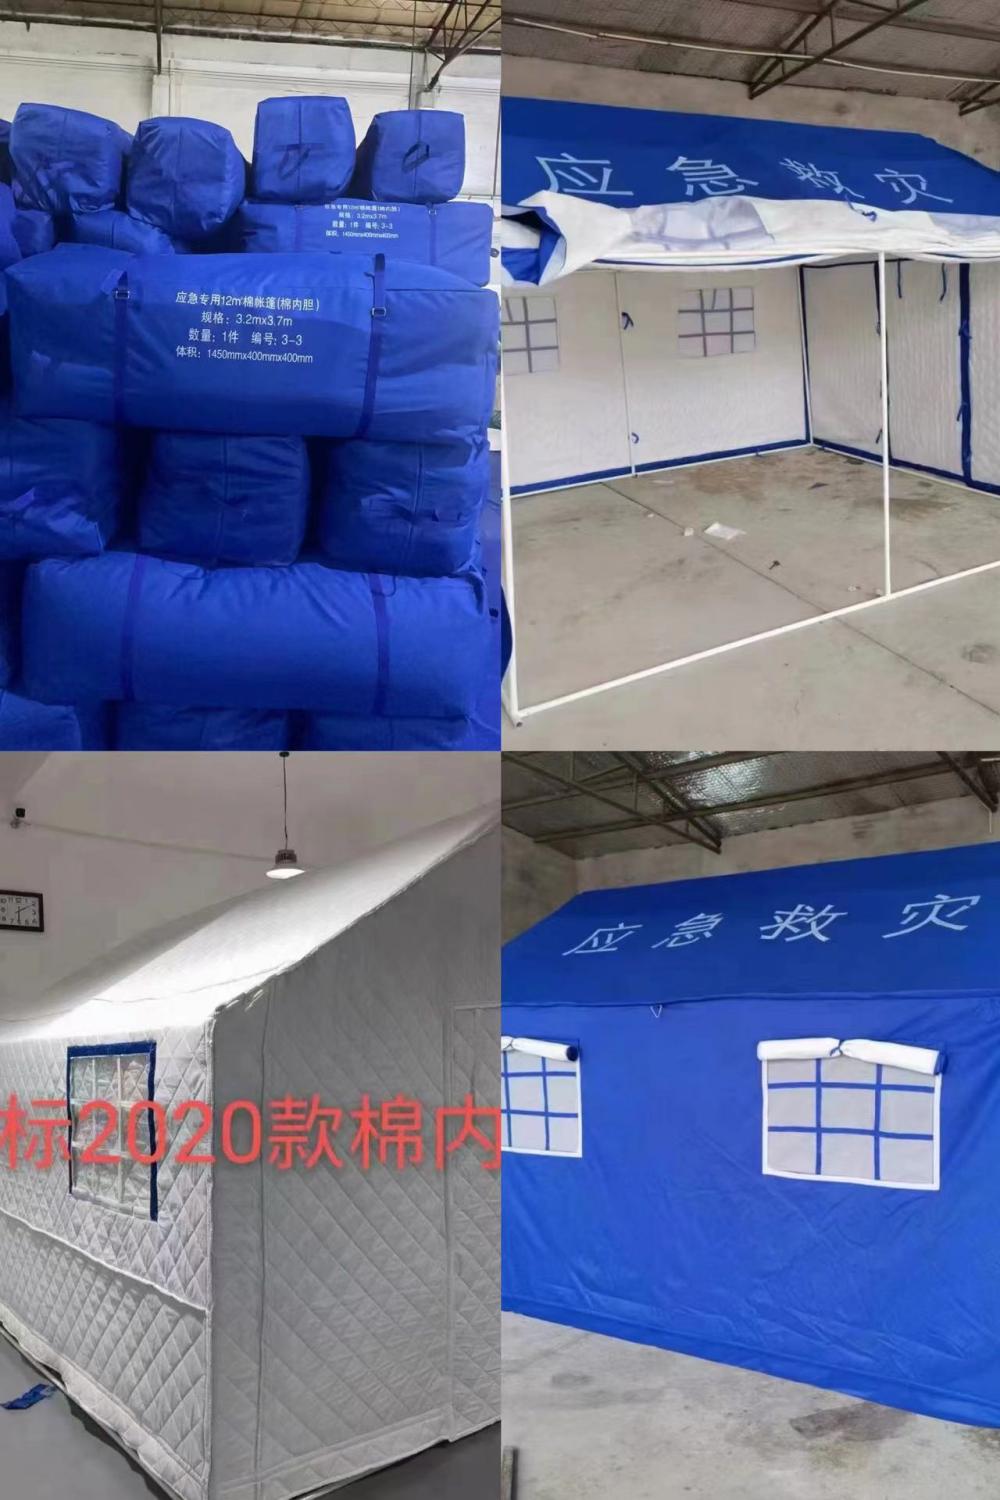 Inflatable tents for medical relief
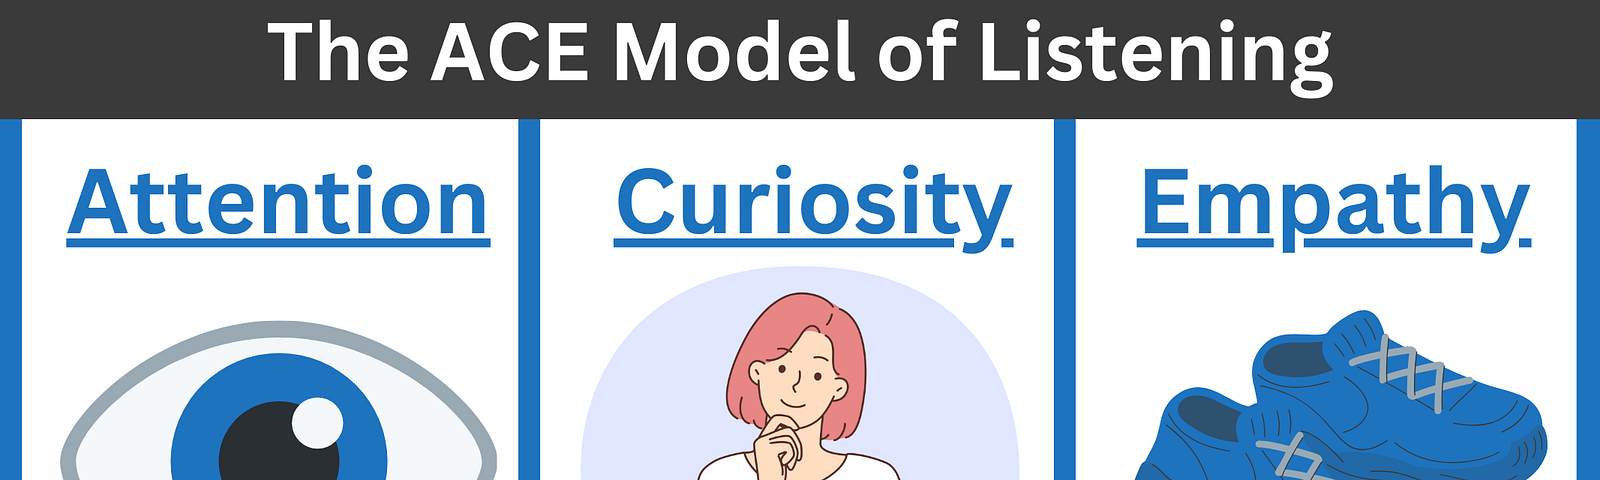 This image depicts the ACE Model of Listening: (1) Attention, depicted with an eyeball, (2) Curiosity, depicted with an image of a woman holding her chin, and (3) Empathy, depicted with a pair of sneakers so you can put yourself in the speaker’s shoes
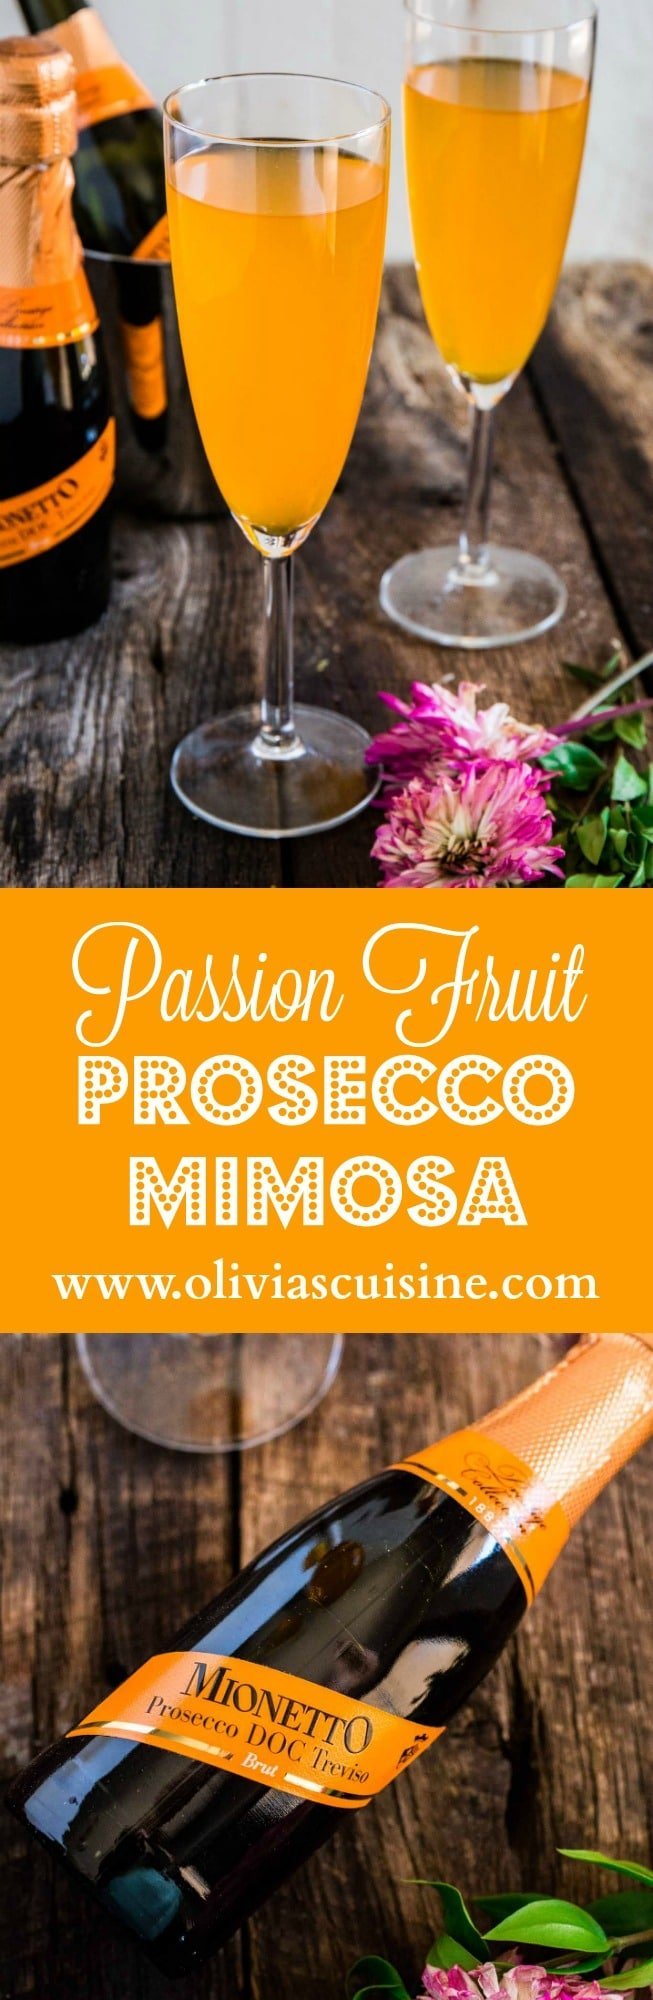 Passion Fruit Prosecco Mimosa | www.oliviascuisine.com | A refreshing and easy cocktail, made with only 2 ingredients: Passion Fruit juice and Mionetto Prosecco! MyMionetto (Msg 4 21+) AD
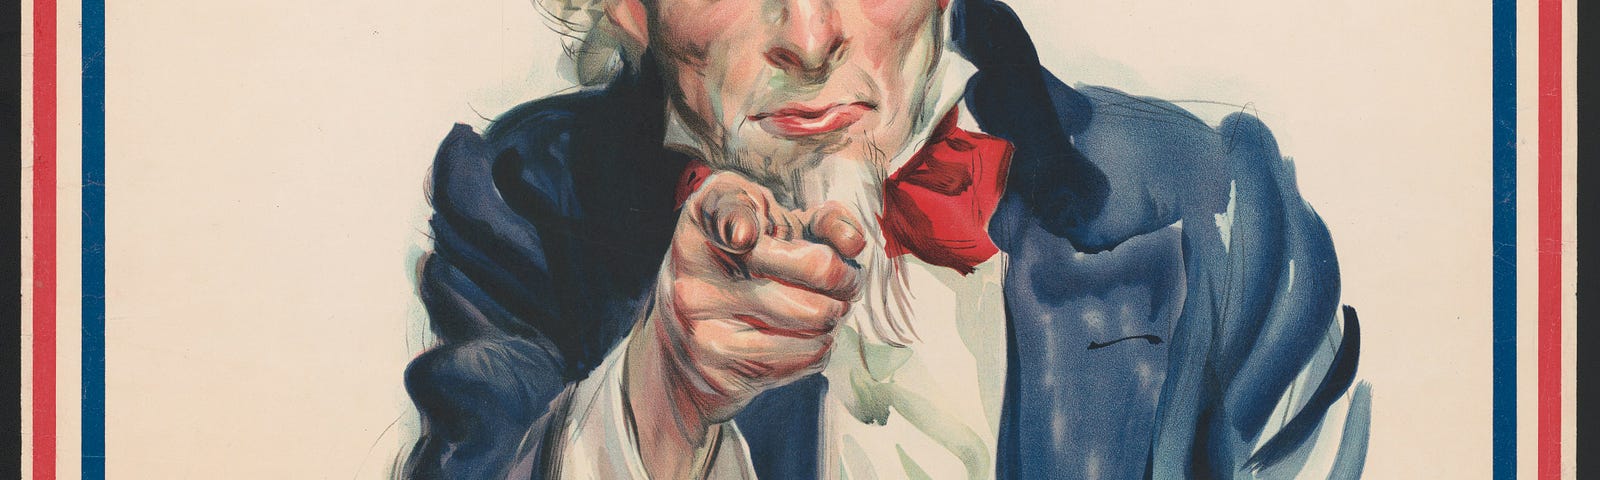 Picture of Uncle Sam, depicted as an older white bearded gentleman pointing at the viewer. Underneath reads the caption: I Want YOU for US ARMY
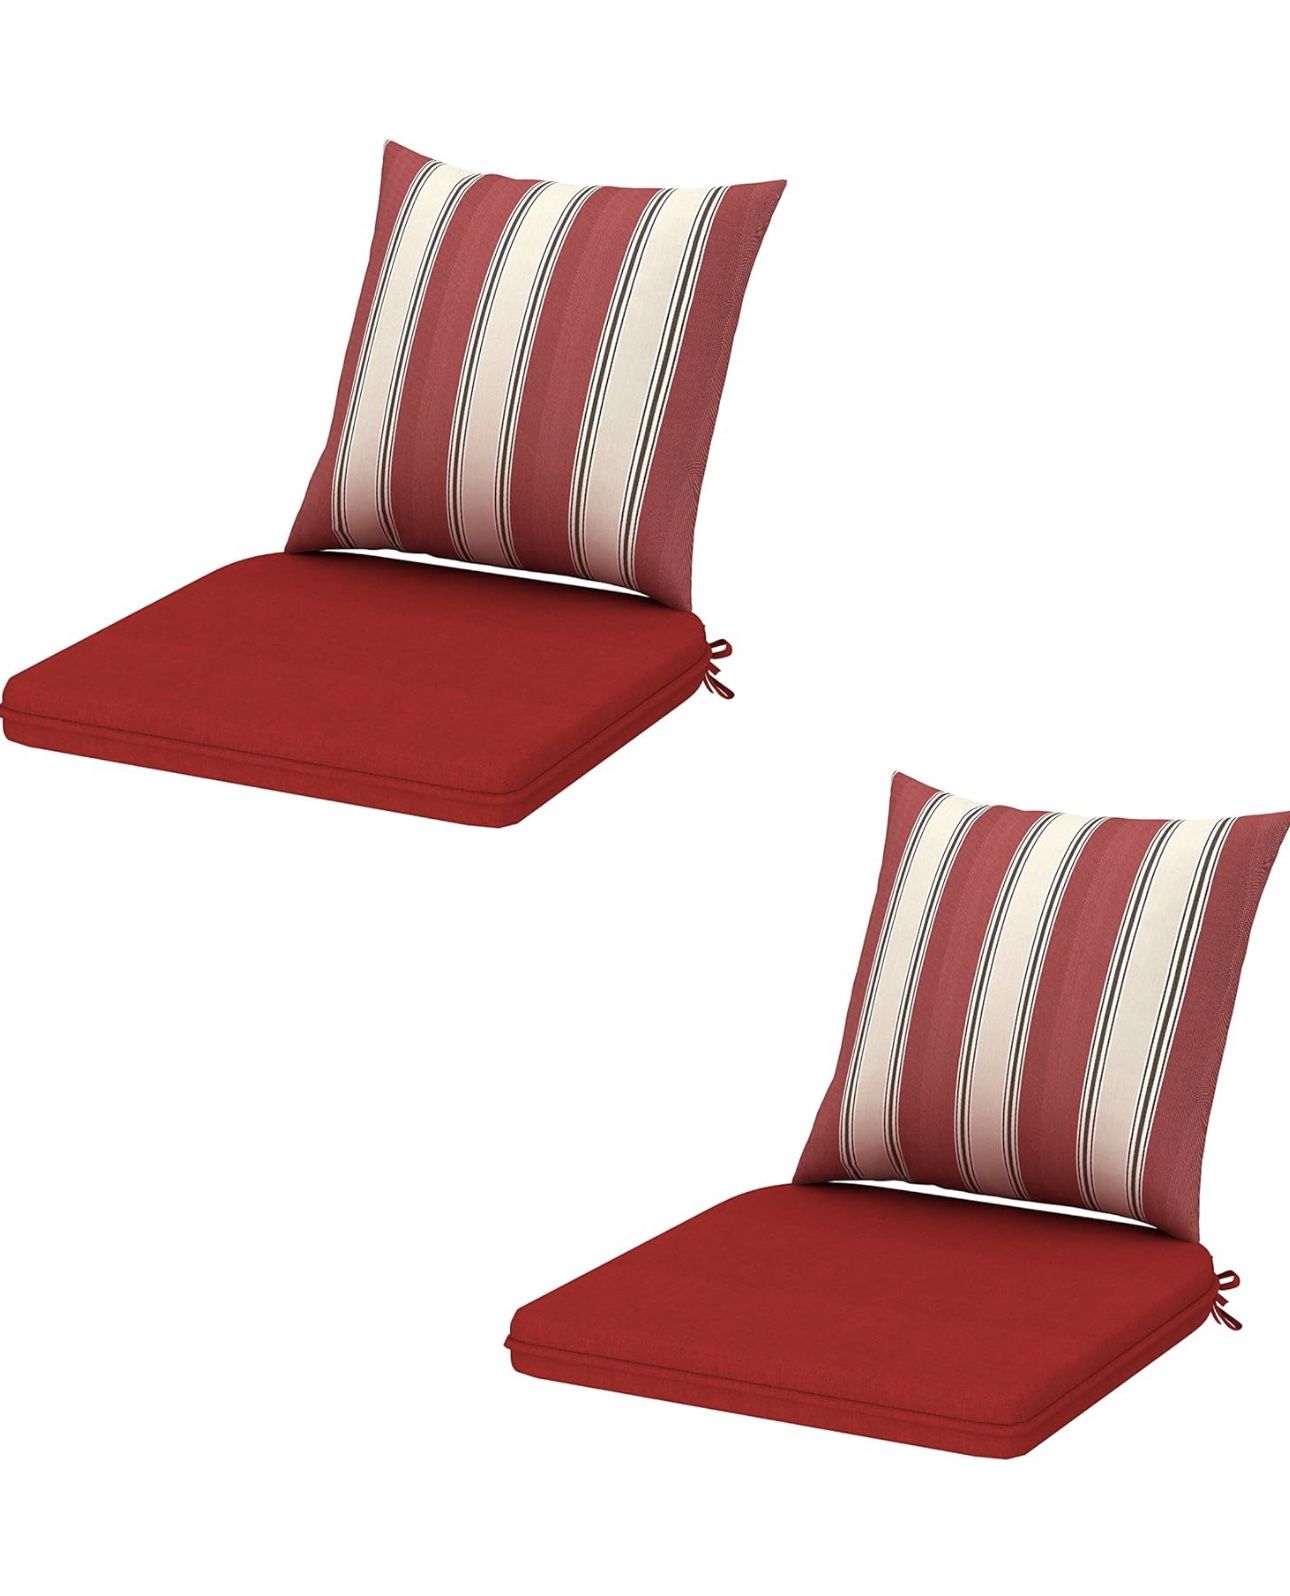 Indoor/Outdoor Seat Cushion Set, Deep Seat Bottom and Back Cushion for Chair, Sofa, and Couch, 17" x 16" (2 * Red)

··········

• Work request:
The listing must be returned in full and exactly, apart from its pictures.

• Solution to this task:
 Inflatable tents for medical relief
 This image depicts the ACE Model of Listening: (1) Attention, depicted with an eyeball, (2) Curiosity, depicted with an image of a woman holding her chin, and (3) Empathy, depicted with a pair of sneakers so you can put yourself in the speaker’s shoes
 Passion Fruit Prosecco Mimosa | www.oliviascuisine.com | A refreshing and easy cocktail, made with only 2 ingredients: Passion Fruit juice and Mionetto Prosecco! MyMionetto (Msg 4 21+) AD
 Picture of Uncle Sam, depicted as an older white bearded gentleman pointing at the viewer. Underneath reads the caption: I Want YOU for US ARMY
 Indoor/Outdoor Seat Cushion Set, Deep Seat Bottom and Back Cushion for Chair, Sofa, and Couch, 17" x 16" (2 * Red)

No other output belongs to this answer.